## EXERCISE REQUIREMENTS:
Find the line below with "projects_6745689-SalfordUniversity.jpg" and the line with "Karrimor Mens Sleeveless". Output exactly those lines and everything between them, leaving out the pictures.

## GIVEN INFORMATION:
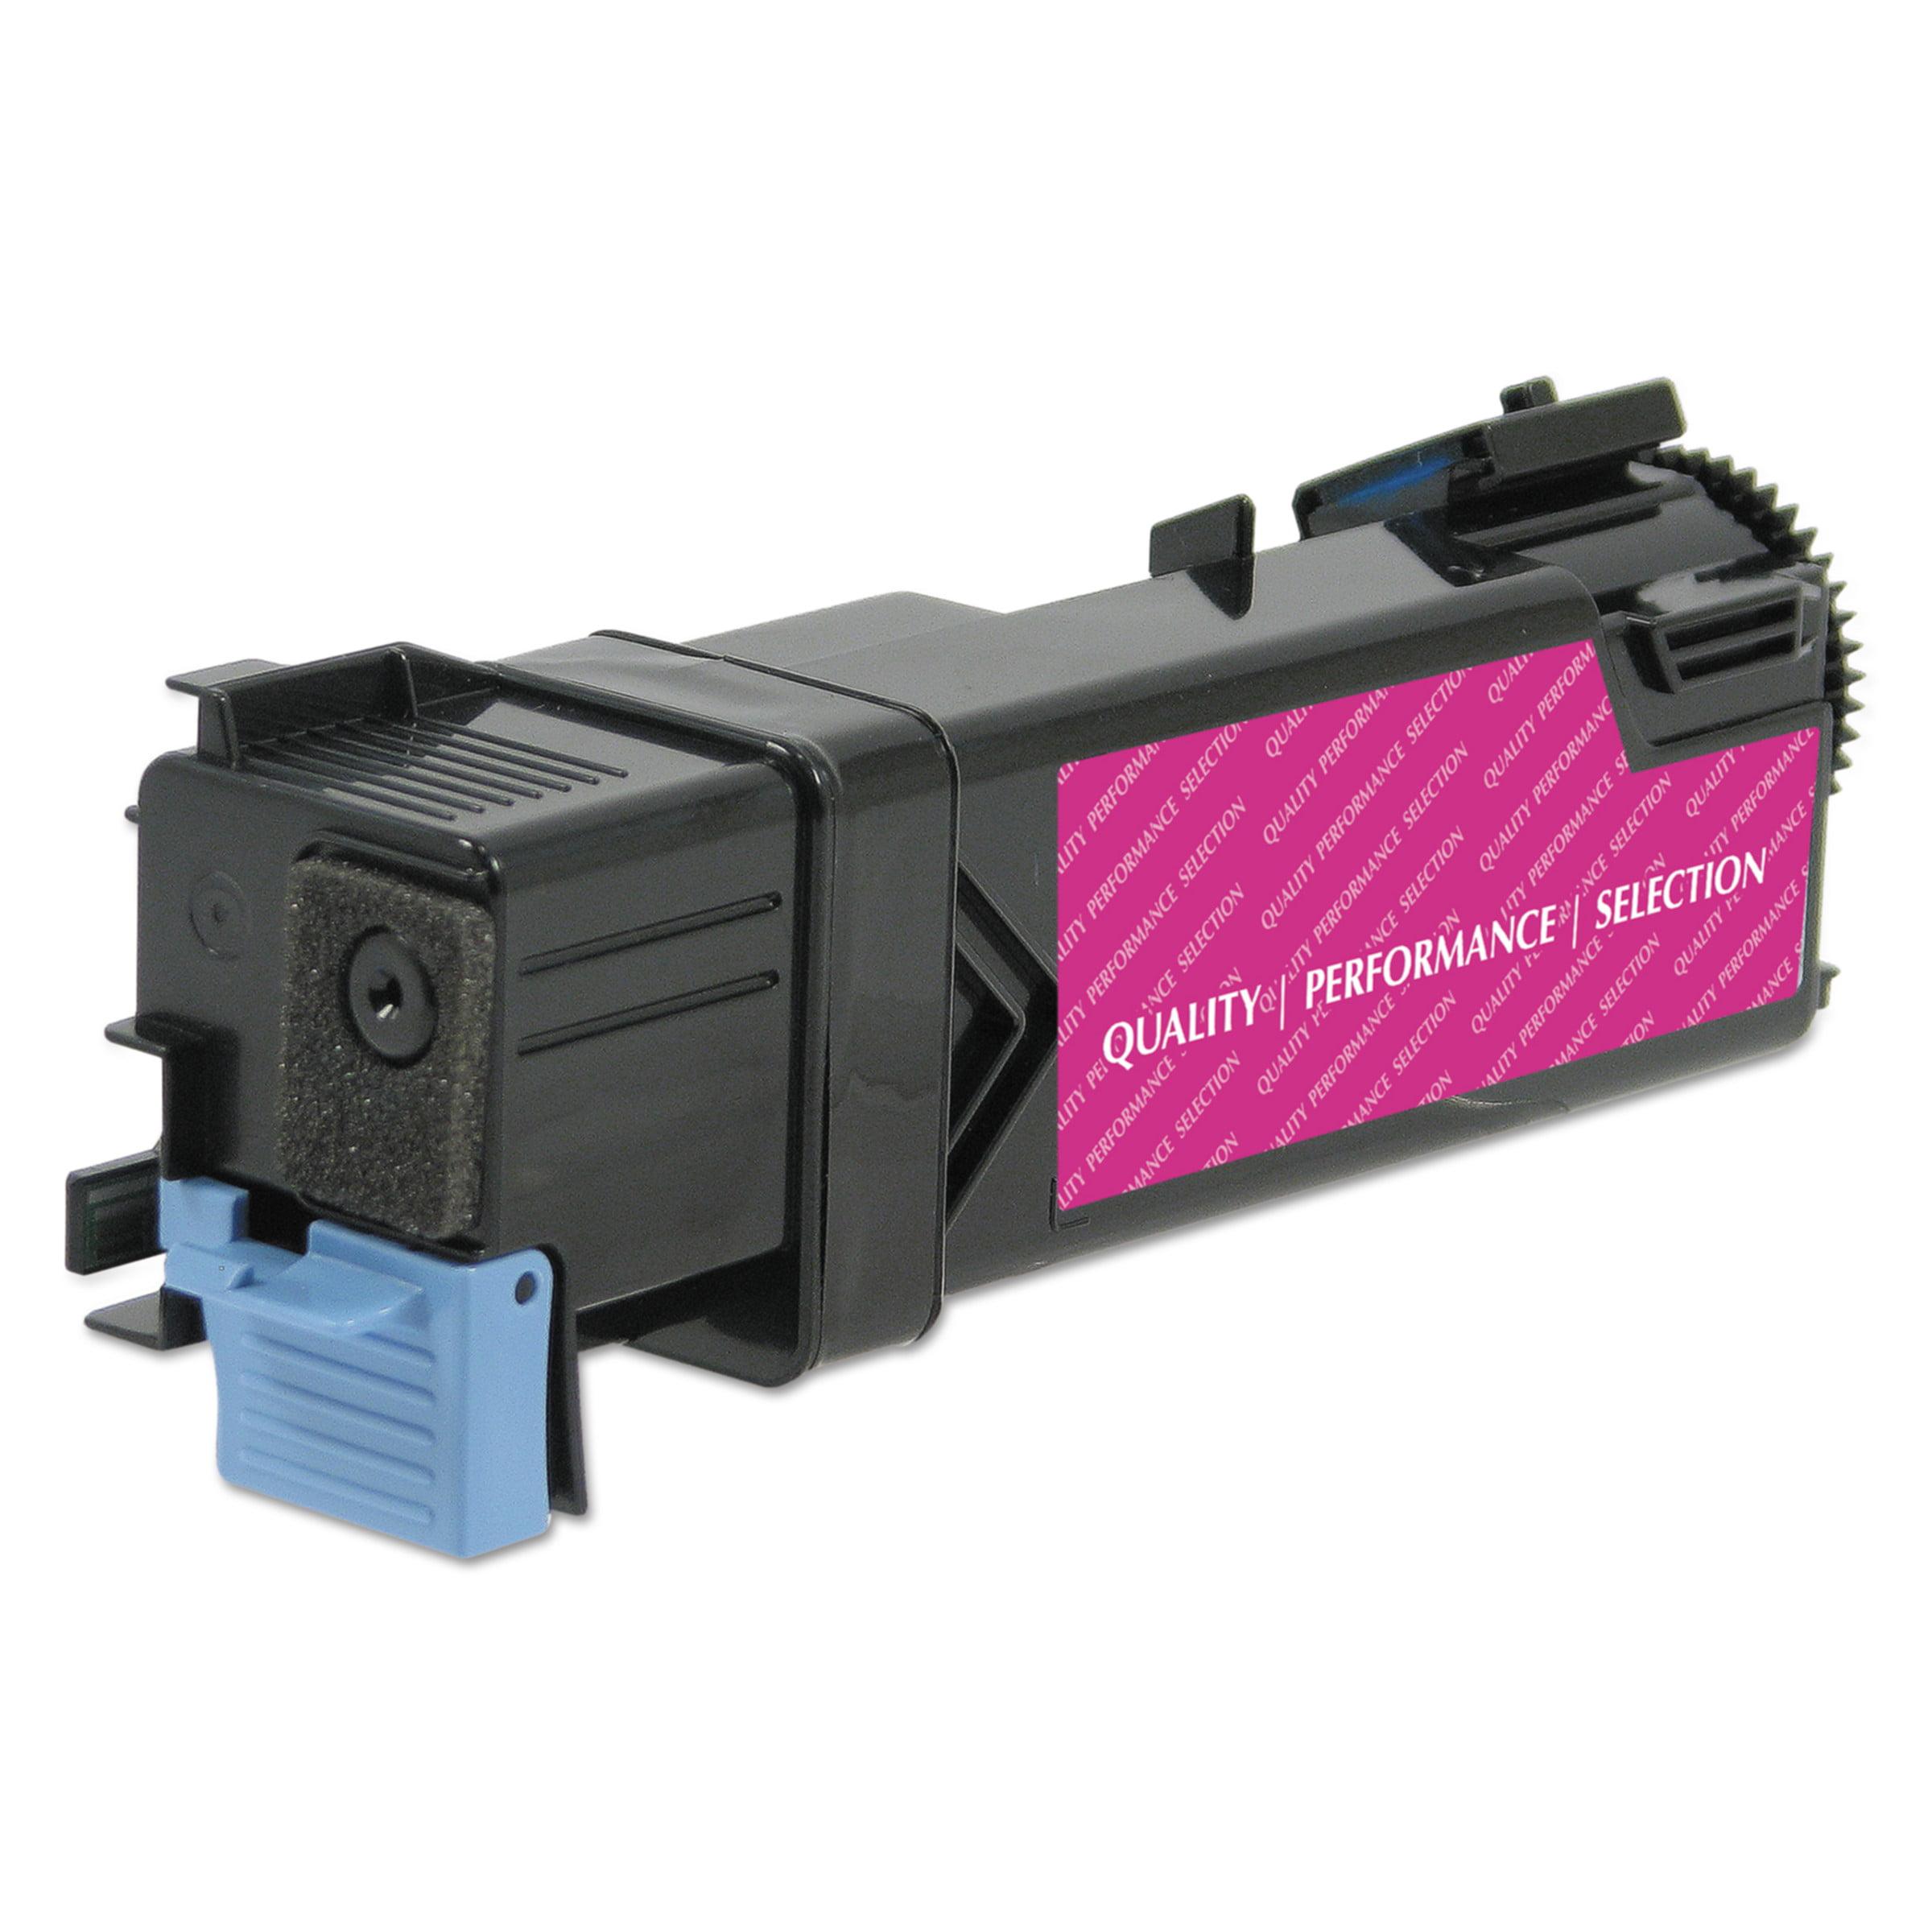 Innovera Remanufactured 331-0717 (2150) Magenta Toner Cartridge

--

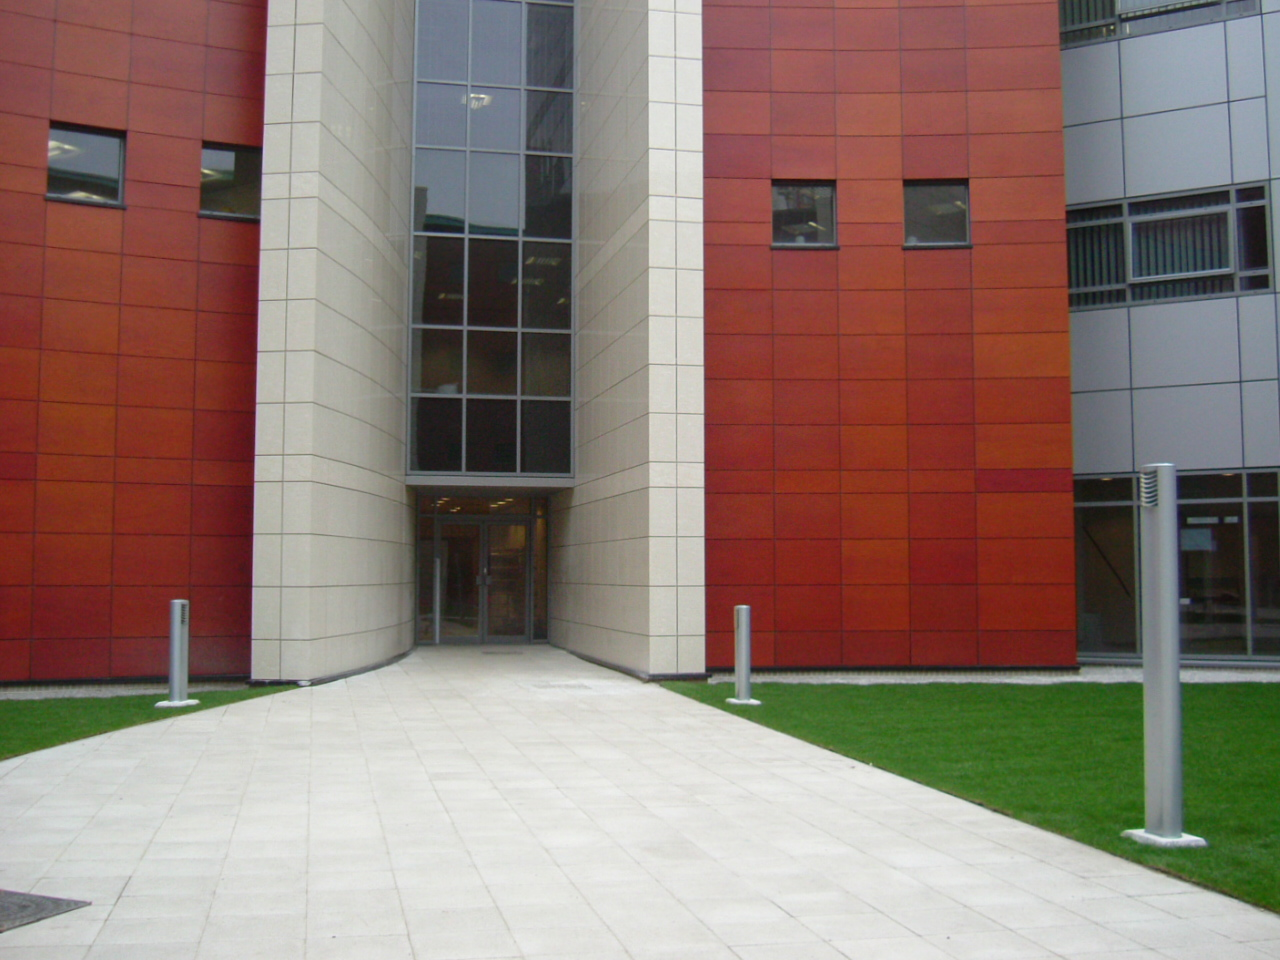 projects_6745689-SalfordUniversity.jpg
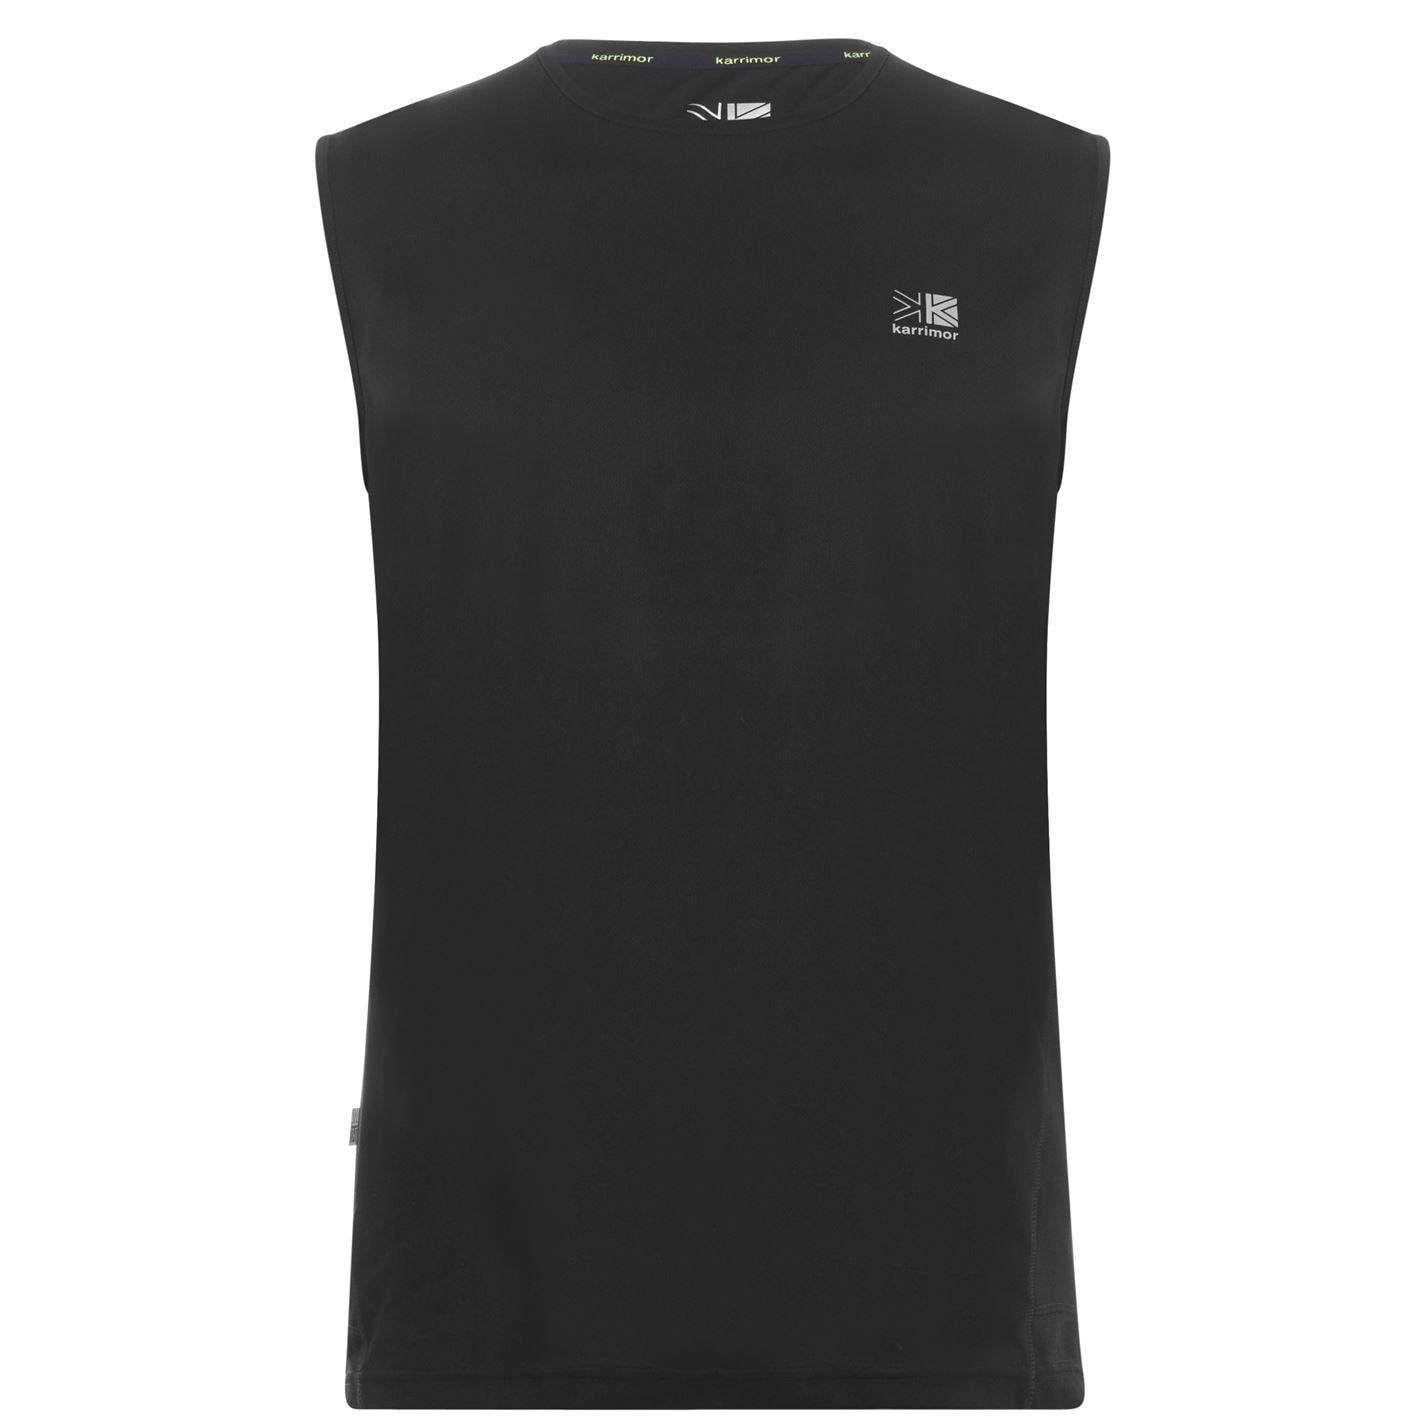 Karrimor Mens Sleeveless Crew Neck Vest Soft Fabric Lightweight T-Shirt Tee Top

## TASK SOLUTION:
 projects_6745689-SalfordUniversity.jpg
 Karrimor Mens Sleeveless Crew Neck Vest Soft Fabric Lightweight T-Shirt Tee Top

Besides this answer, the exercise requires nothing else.